It's Just My Thoughts America


This blog is simply a journal of my pursuit to obtain a more in depth of understanding past the usual shallow financial discourse. I am not offering any financial advice, tax advice or even policy advice. I am not a financial advisor, tax advisor or professional analyst(yet??). This is a hobby I am pursuing because of my love for numbers and hence money. Please read along if you enjoy following a budding intellectual in the subject of finance. I always welcome comments but comments in a political, religious or rude manner will be overlooked. My pursuit in this field will have me analyzes both sides of a financial argument so I can come up with the best understanding for myself. Just because I develop an argument does not mean I personally agree with the argument. I might just be purely playing out the argument so I can best understand the reasoning behind it. Please enjoy!

Show me the dividends: A review of the dividend discount model.

Today I am review the dividend discount models. This is the start of an extensive review on how the intrinsic value of a stock is estimated. The basic dividend discount model seems to be the most simplified variation. To the best of my understanding states that the stock price should equal the present value of all future dividend payments plus the final sales price (or perpetuity if you are never planning to sell.).

(Imagine an equation here as soon as I find away to add equations on blogger)

The recurring problem you will find with this and any of the valuation models is that you must accurately estimate future dividends, present value on a future sell date and the market capitalization rate. Any slight error in any three estimates can lead to a noticeable deviation from your calculated intrinsic value and the actual intrinsic value. Any determination on whether a stock is under valued or overpriced will be incorrect.

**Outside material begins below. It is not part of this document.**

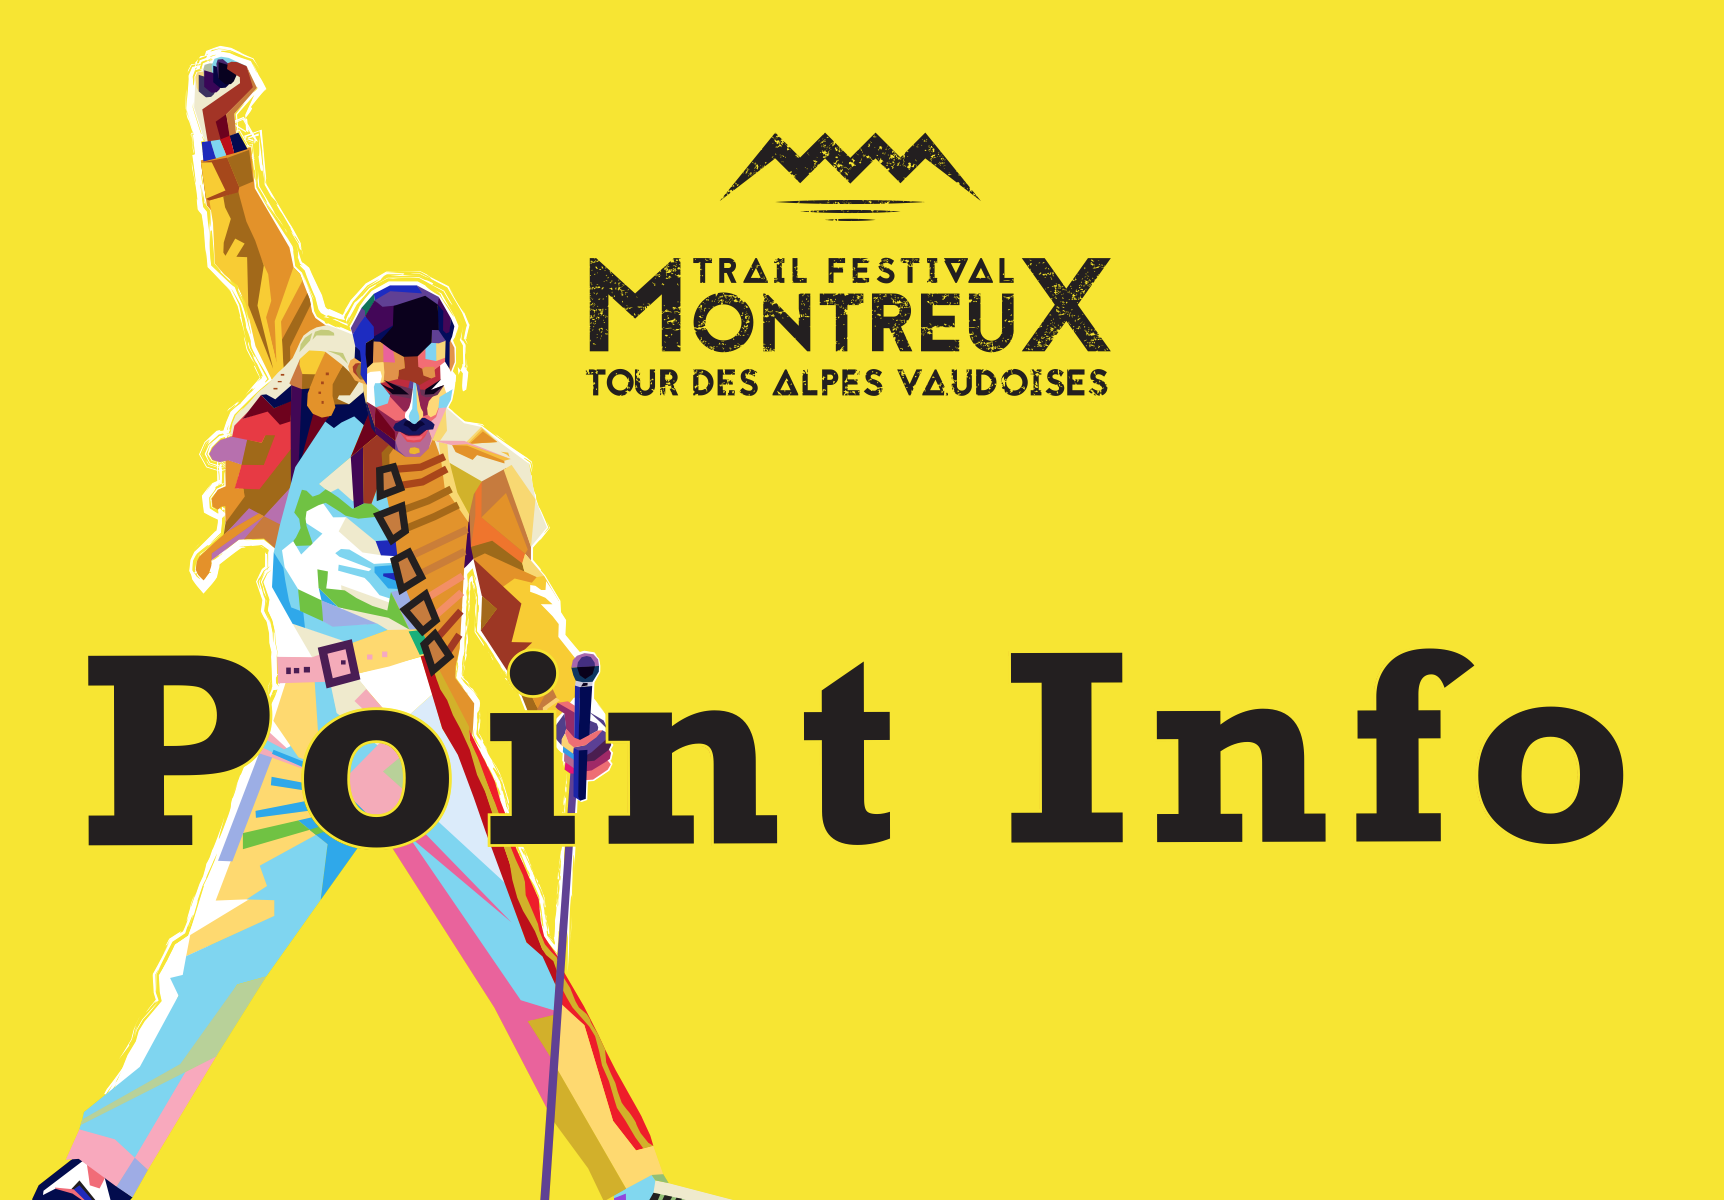 Montreux Trail Festival 2020
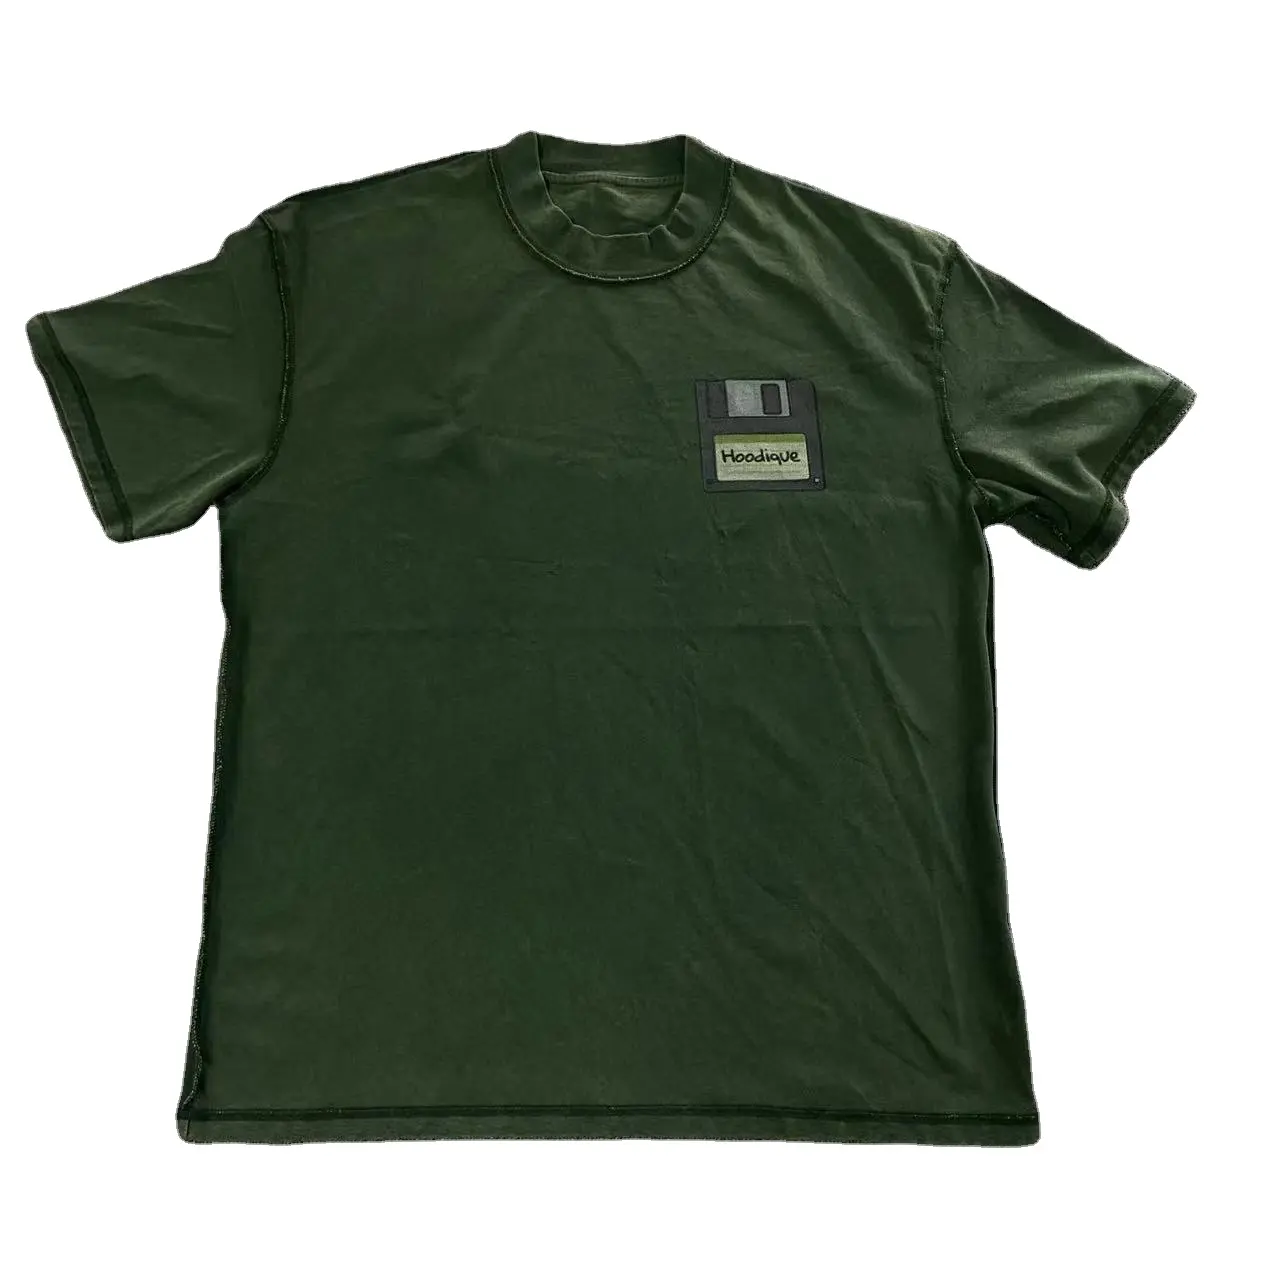 뜨거운 판매 대형 헤비급 라운드 넥 티셔츠 맞춤 디지털 프린트 남여 공용 티셔츠 백스티치 실 다크 그린 티셔츠

Equity Valuation Models: I have to start somewhere

So my plan was to jump head first into studying for my Series 24 but that has been delayed by situations outside of my control. But... I need to keep learning and growing. So I amended my plans. I will still keep toward my goals. Although this admittedly makes them more challenging (which I actually invite). After some soul searching and some analysis on where I stand knowledge wise I have added ANOTHER item to the list. Last year I studied Equity Valuation Models briefly. I throughly enjoyed learning about dividend discount models but after going over the items that previously studied I realized I still did not have a firm grasp with the concepts of valuation models. So I have decided to not only review everything I studied but also go more in depth with greater rigor on the subject. I feel like learning this will be invaluable and because I enjoyed it previously I hope the new academic rigor will reignite the passion. So with further ado I start with Book Value.

Back to the Basics: Setting goals for 2010

2010 is a big year for me personally with my upcoming marriage to my beautiful fiancee. So I have been racking my brain to map out ways to make it a big year professionally. So I set out some goals to help me improve my financial expertise. I wanted my goals to be SMART Specific, Measurable, Relevant, and Timely. So here they are.


1. Study, take and pass Series 24 by June
2. Study, take and pass Series 66 by December
2. Study, take and pass CFA Level 1 Exam by the end of the year
3. Write a fiction/finance book by December
4. Finish reading a book per month.

Now this seems daunting and some may say unrealistic. But I have always been one to say if I aim for excellence even if I fall short I will hit pretty damn good. 2010 is a year for growing both personally and career wise. I want to prove that I can achieve both.